A palavra instantânea │ Consuelo Gobbi (GO)

terça-feira, setembro 24, 2013

Glenn Gould, um dos maiores pianistas do século XX, decidiu certa vez dar a sua música um novo sentido. Era a década de 70 e a gravação em estúdio havia sofrido uma revolução com o advento do audiotape. Em uma atitude inovadora, Gould disponibilizou ao público os registros fonográficos de sua obra prima, a interpretação das Variações Goldberg de Bach. A intenção era que o ouvinte, de posse de uma cópia dos originais, pudesse editar a música de acordo com o que seu ouvido achasse mais agradável ou com o que sua alma exigisse.  Não deu certo, pouca gente tinha equipamento de edição em casa. Mas impressiona a atitude de ruptura do músico, ao oferecer ao público a chance de ressignificar seu trabalho.

Mais de 40 anos depois, o que se vê no atual mundo das Artes é um confronto entre o conformismo passadista arraigado e certos movimentos isolados de ruptura estética. Em literatura, o embate tornou-se evidente. Desde o começo do século passado, quando o freudismo e o marxismo determinaram uma mudança radical das formas de escritura (vide Mallarmè, Valéry, Proust) a literatura ocidental caiu em profundo sono. O romance e a poesia encontraram seu “lugar de estar”, impregnados de uma estética desconstrutiva, do discurso fragmentado, da narração em fluxo de pensamento. Foi muito, mas foi só. Desde então, tem-se uma repetição de fórmulas, mais ou menos criativas, de escritura.

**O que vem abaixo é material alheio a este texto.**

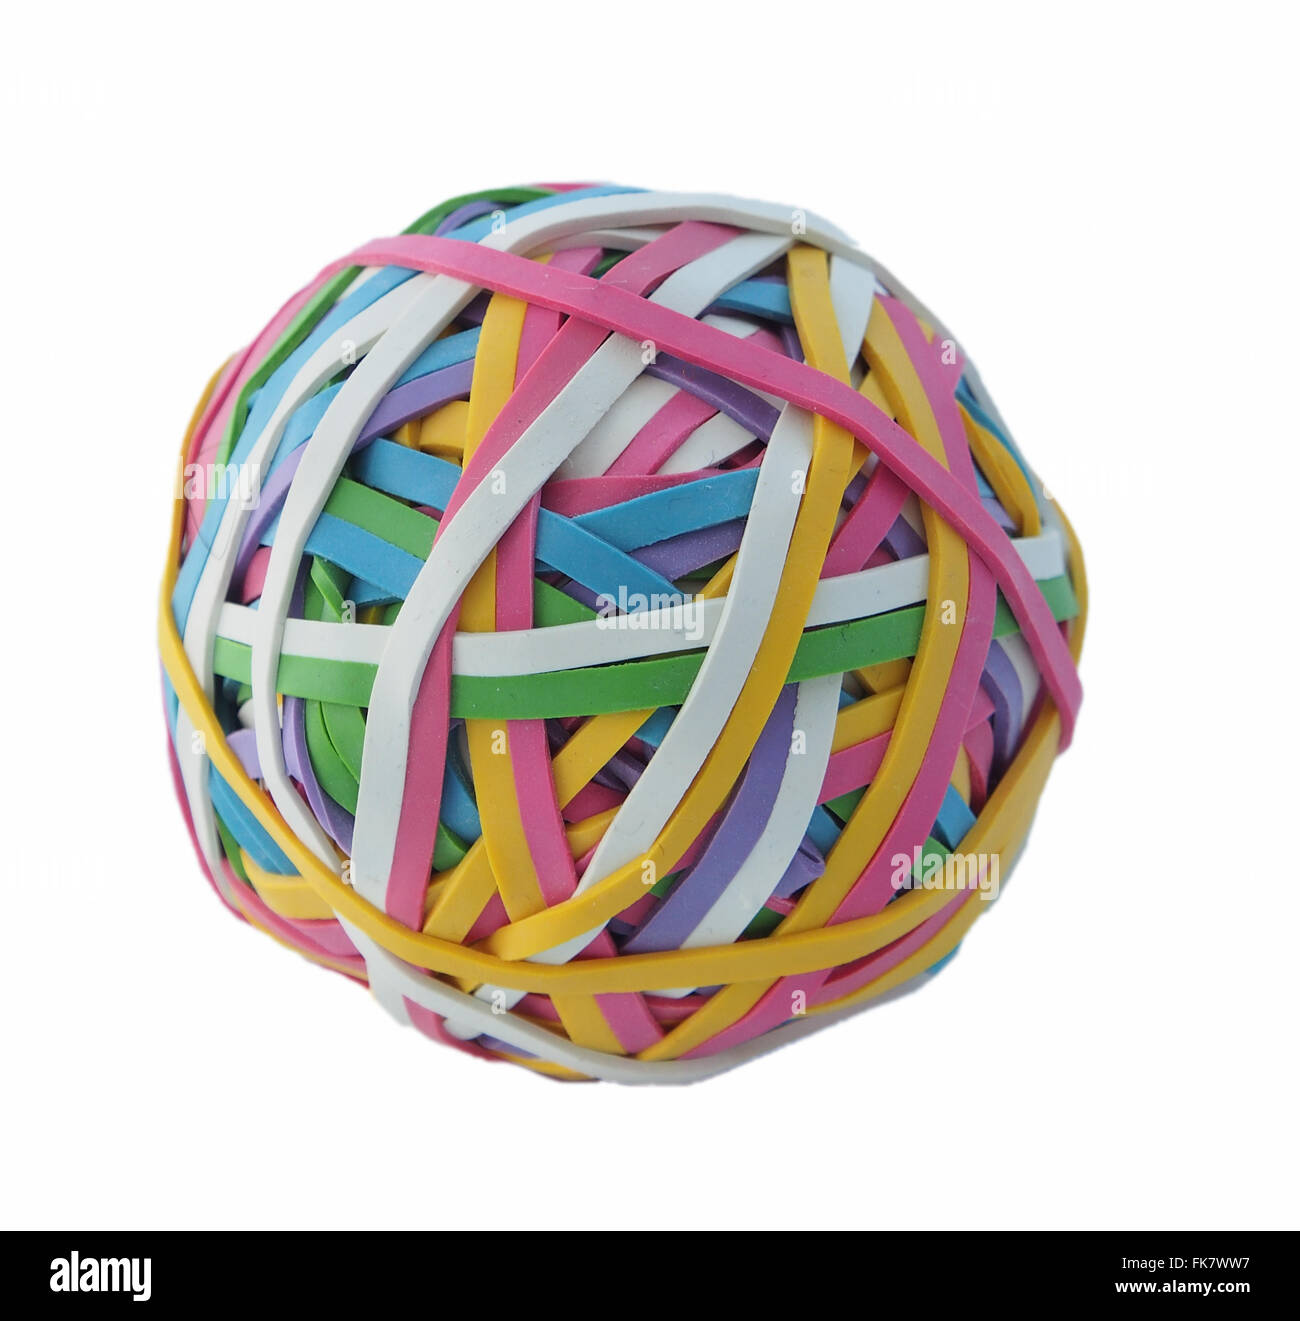 Ball of colourful elastic rubber bands, studio shot isolated on a white background. Stock Photo

Acontece que o leitor mudou e a literatura entrou em crise. Quem lê, ouve, vê, sente não se satisfaz mais com uma posição passiva em relação à obra, ele quer reagir, quer reinterpretar, participar do processo artístico. Eis a crise do escritor que não é lido. E não é lido porque a tal “literatura moderna” não encontra mais ressonância no leitor. Textos escritos, musicados, filmados continuam sendo editados como obras “acabadas” e estanques, sólidos como hieróglifos egípcios. Impossibilitado de reagir diante da obra, ao leitor resta um prazer de consumo e ele consome o que lhe oferecem, sem filtros críticos.

Até que, então, nos deparamos com textos disparados de espaços telemáticos e simbólicos (blogs, redes sociais, aplicativos da telefonia móvel). Em multiplicação viral, percorrem milhares de milhas virtuais, chegam com uma antecedência desconcertante e nos pegam desprevenidos. Rapidamente, a “obra” – até pouco tempo uma estrutura palpável a ocupar um lugar na estante da biblioteca – reconfigura-se em “dobras”: cinema, fotografia, dança, música, body art, street art. Falo do romance literário de ficção, Sem Palavras, escrito pela jornalista Larissa Mundim e pela historiadora Valentina Prado.

À autora, unem-se dezenas de colaboradores, talentos e visões nitidamente diversas, ajuntamento tão complexo e democrático que recebe um nome que seria original, não fosse a obviedade do sentido: Coletivo Esfinge (decifra-me ou devoro-te). Identidade plural, vida dupla, acaso objetivo, geometria variável. Nessa circunstância, o texto adquire uma amplitude e uma força que não conseguimos medir. Finalmente, o monopólio da fala cai por terra, uma terra de ninguém e de todos e a palavra se liberta do velho jugo. Podemos chamar de estilo? Creio que não. O fenômeno exposto aqui não cabe em uma definição pré-estabelecida a não ser esta: literatura. Sim, porque a ficção é a matéria desta aventura.

Para quem está de fora, a visão que se tem é fragmentada, uma impressão desolada de quem perdeu o trem e vê de longe apenas a fumaça do que foi. Pois trata-se de viver a ficção no momento exato em que ela está lá, de conviver com a consciência de que não vai acontecer de novo do mesmo jeito. A ciberliteratura exige novos leitores, na certeza de que não se pode retroceder. Algo já foi rompido, para sempre.

Consuelo Gobbi é jornalista, coordenadora da PUCTV, professora da PUC-GO, mestranda em crítica literária, observadora do nosso Tempo.


Artigo publicado no jornal O Popular, em 19 de setembro de 2013.